Cerebrotendinous Xanthomatosis Presenting with Infantile Spasms and Intellectual Disability

Abstract

Cerebrotendinous xanthomatosis (CTX) is an inborn error of metabolism leading to progressive multisystem disease. Symptoms often begin in the first decade of life with chronic diarrhea, cataracts, developmental delay, intellectual disability, and cerebellar or pyramidal dysfunction. Later manifestations include tendon xanthomas, polyneuropathy, and abnormal neuroimaging. Pathogenic biallelic variants in CYP27A1 leading to compromised function of sterol 27-hydroxylase result in accumulation of detectable toxic intermediates of bile acid synthesis rendering both genetic and biochemical testing effective diagnostic tools. Effective treatment with chenodeoxycholic acid is available, making early diagnosis critical for patient care. Here we report a new patient with CTX and describe the early signs of disease in this patient. Initial symptoms included infantile spasms, which have not previously been reported in CTX. Developmental delay, mild intellectual disability with measured cognitive decline in childhood, was also observed. These clinical signs do not traditionally compel testing for CTX, and we highlight the need to consider this rare but treatable disorder among the differential diagnosis of children with similar clinical presentation. Increased awareness of early signs of CTX is important for improving time to diagnosis for this patient population.

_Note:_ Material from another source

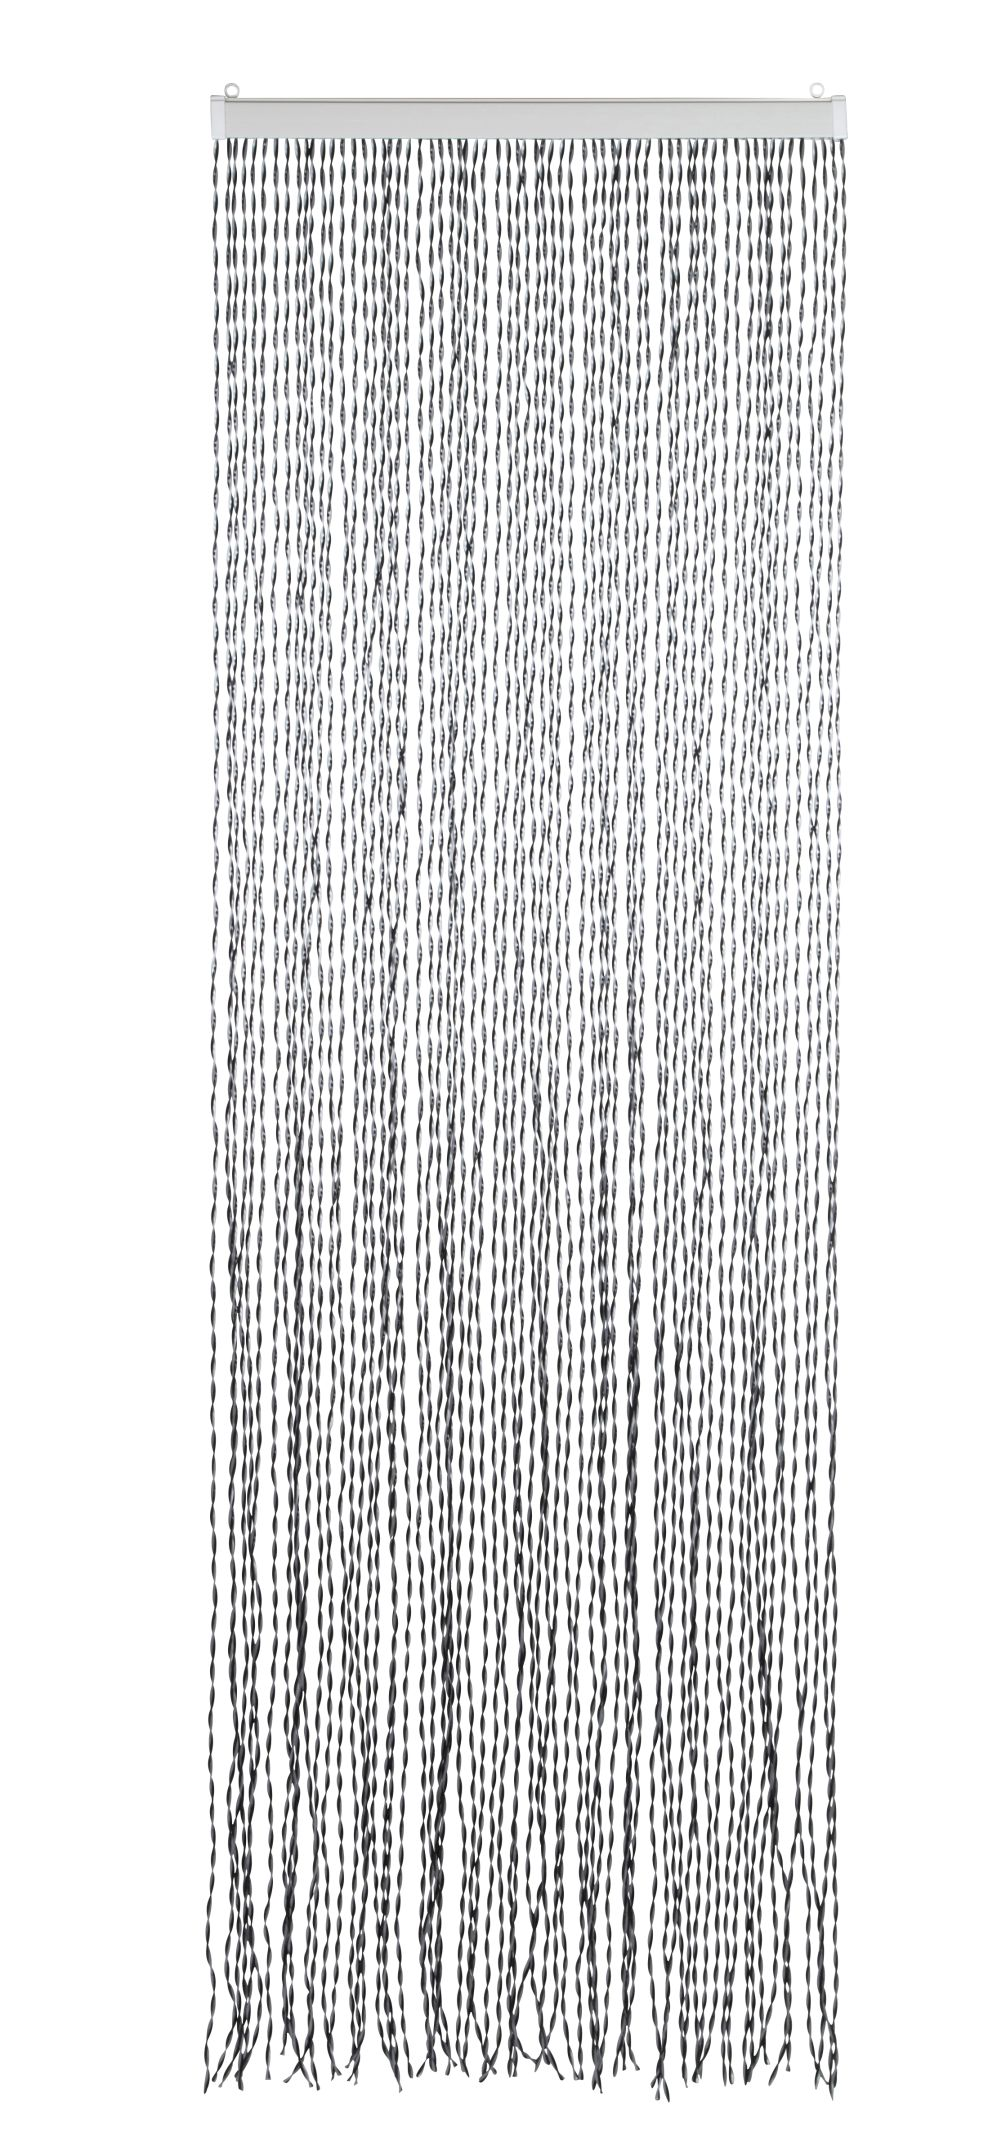 Arisol Vliegengordijn String 60x190

Keywords: Cataracts, Cerebrotendinous xanthomatosis, Developmental delay, Infantile spasms, Intellectual disability

Introduction

Cerebrotendinous xanthomatosis (CTX, OMIM 213700) is an autosomal recessive disorder of bile acid synthesis that manifests as a progressive, multi-system disease. Biallelic pathogenic variants in the gene CYP27A1 cause deficiency of the enzyme produced by CYP27A1, sterol 27-hydroxylase, resulting in the accumulation of cholesterol, cholestanol, and other intermediates in tissues and the pathology that characterizes CTX (Panzenboeck et al. 2007). Elevated cholestanol in serum and elevated urine bile alcohols are characteristic diagnostic findings in patients with CTX. The clinical features of CTX vary widely, even within families. Bilateral cataracts are one of the most common features of CTX and are usually noted in the second decade of life, though the age of onset is variable (Cruysberg et al. 1995; Mignarri et al. 2014; Degos et al. 2016). Other common pediatric manifestations of CTX include intellectual disability or developmental delay (60% of patients, mean age of 6 years at diagnosis) and epilepsy (33% of patients, mean age of diagnosis 10 years) (Mignarri et al. 2014). Chronic diarrhea may begin in infancy and continue into adulthood (Verrips et al. 2000). Rarely, cholestatic liver disease of infantile onset has been reported (Clayton et al. 2002). Cerebellar and pyramidal signs also appear in childhood with polyneuropathy typically developing in the third or fourth decade of life. The most common abnormality on magnetic resonance imaging (MRI) of the brain in CTX is T2 hyperintensity of the dentate nuclei of the cerebellum (Barkhof et al. 2000). The tendon xanthomas for which CTX is named do not typically appear until much later in the course of the disease if at all (Mignarri et al. 2014).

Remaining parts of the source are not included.